In a significant move for the artificial intelligence industry, Anthropic has announced the donation of its Model Context Protocol, or MCP, to the Linux Foundation. This protocol, which has gained rapid adoption among major AI companies like OpenAI, Google, and Microsoft, aims to standardize how AI agents access information and tools across the internet, potentially transforming user interactions with technology. MCP facilitates seamless communication between AI systems and various applications, allowing for efficient task execution. Initially created as a project by Anthropic employees, it has evolved into a collaborative standard adopted by multiple organizations. The donation is expected to enhance security and improve functionality as it becomes governed by a neutral body, paving the way for more robust and reliable AI applications moving forward.
Why do we care?
The big players think AI agents are going to be real infrastructure, not toys. By handing MCP to the Linux Foundation, they’re basically saying, “We need a standard way for agents to talk to tools, or none of this will scale.” And they’re right. Today’s plug-ins and random APIs aren’t going to cut it once agents start doing actual work across systems.

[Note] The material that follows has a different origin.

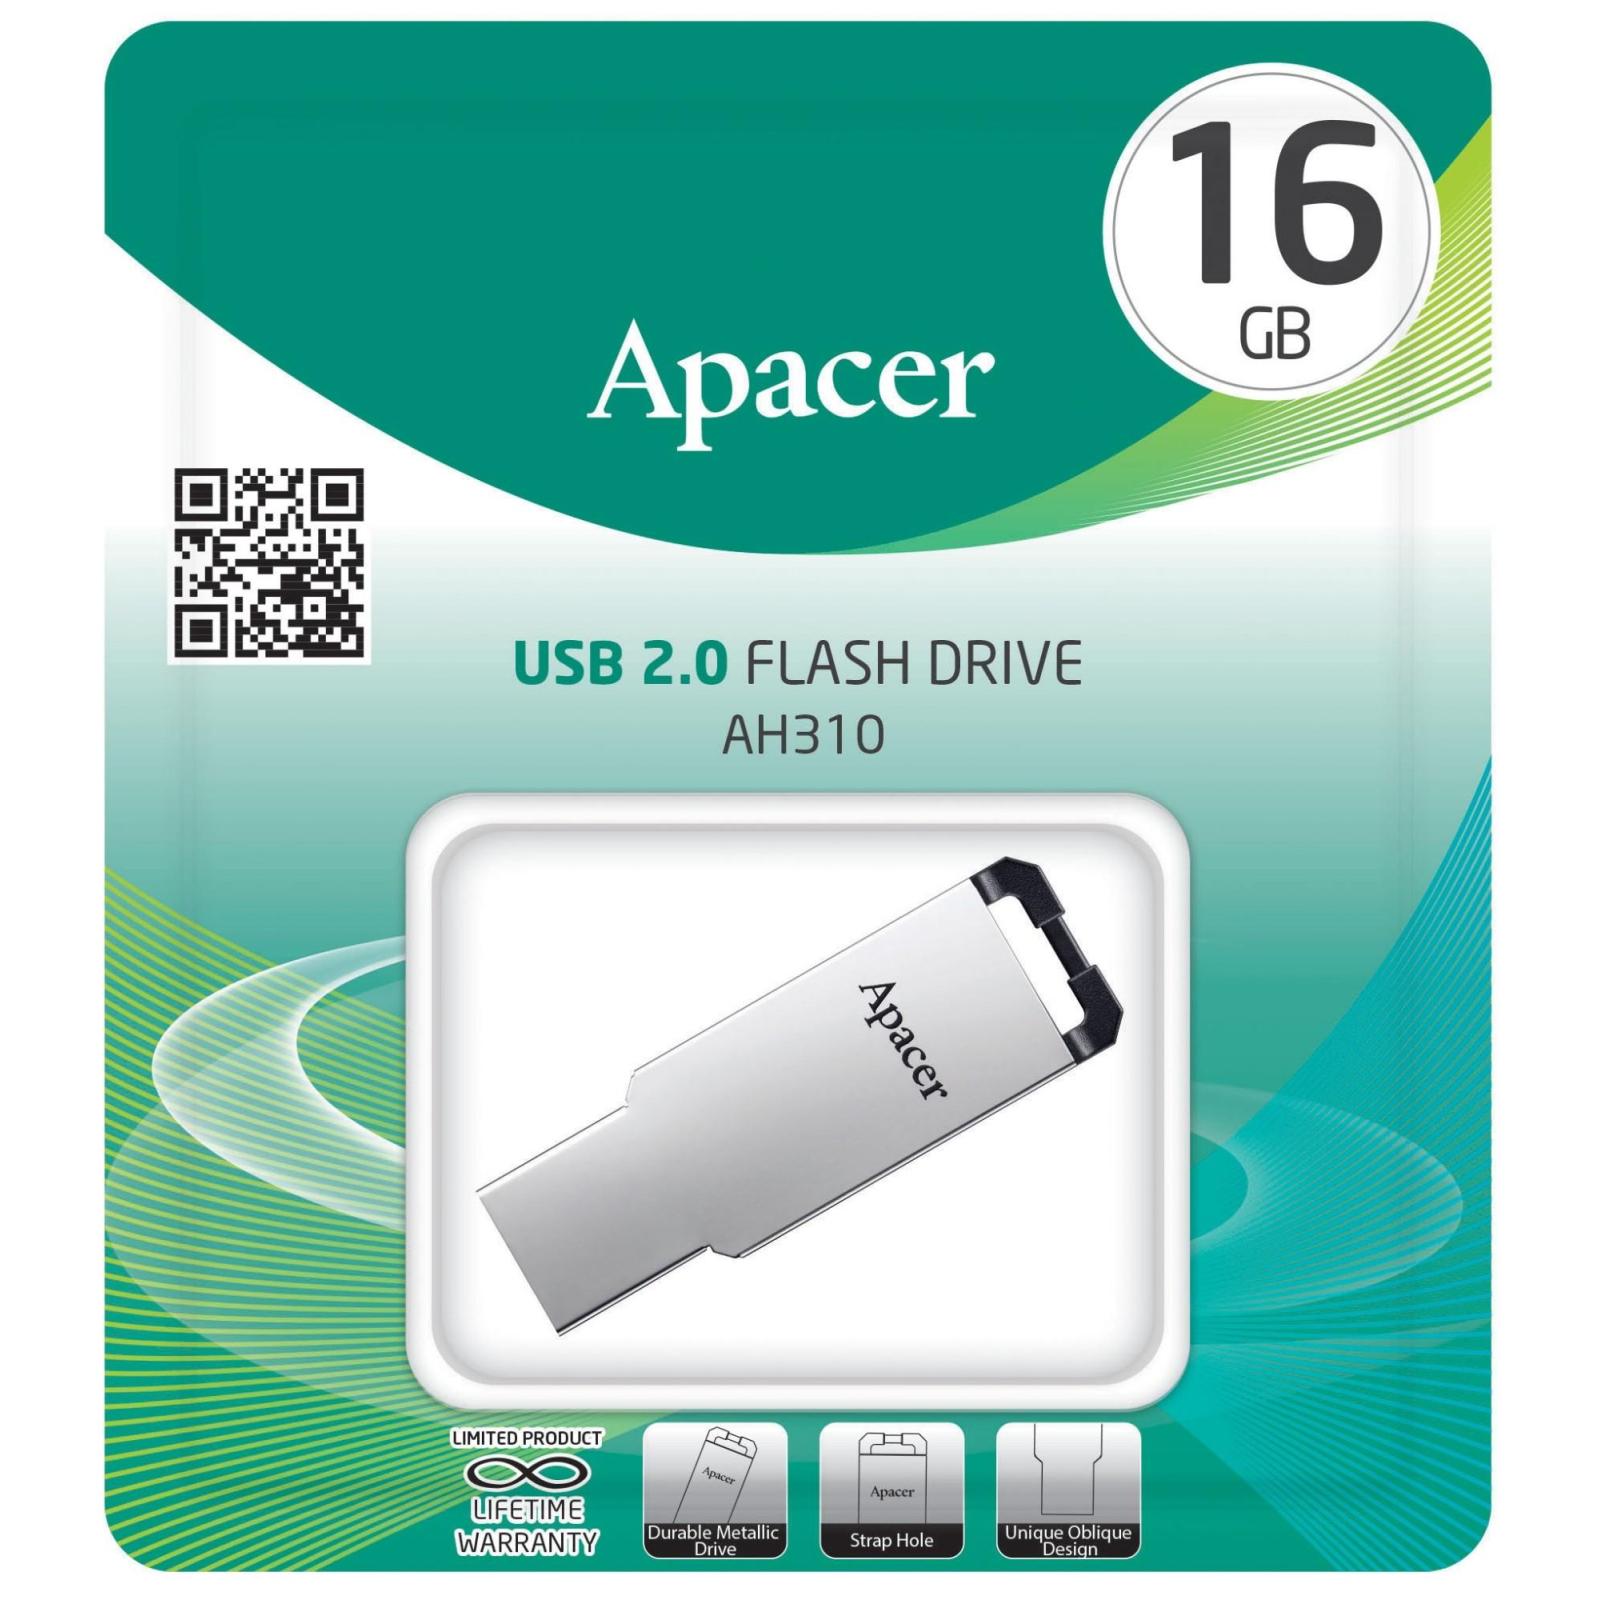 USB флеш накопитель Apacer 16GB AH310 Silver USB 2.0 (AP16GAH310S-1) изображение 3

But here’s the catch: standardization doesn’t remove risk — it concentrates it. If MCP becomes the universal interface, then any flaw, any permissions mistake, any bad implementation becomes everyone’s problem. That’s not fearmongering; that’s just how shared protocols work. Think about OAuth or SAML — great standards, but also giant targets.
So for MSPs, this isn’t about Anthropic’s generosity. It’s about getting ready for a world where AI agents can access your customers’ systems directly. Your job becomes figuring out who grants that access, what tools agents can interact with, how those interactions are logged, and what the fallback is when something goes wrong. If you treat agents like unbounded automation, you’re going to get burned. If you treat them like identity and privilege decisions, you’ll be ahead of the curve.
This is the starting gun for agent governance. If you want to differentiate — and avoid a mess — start building the policies before customers start demanding them.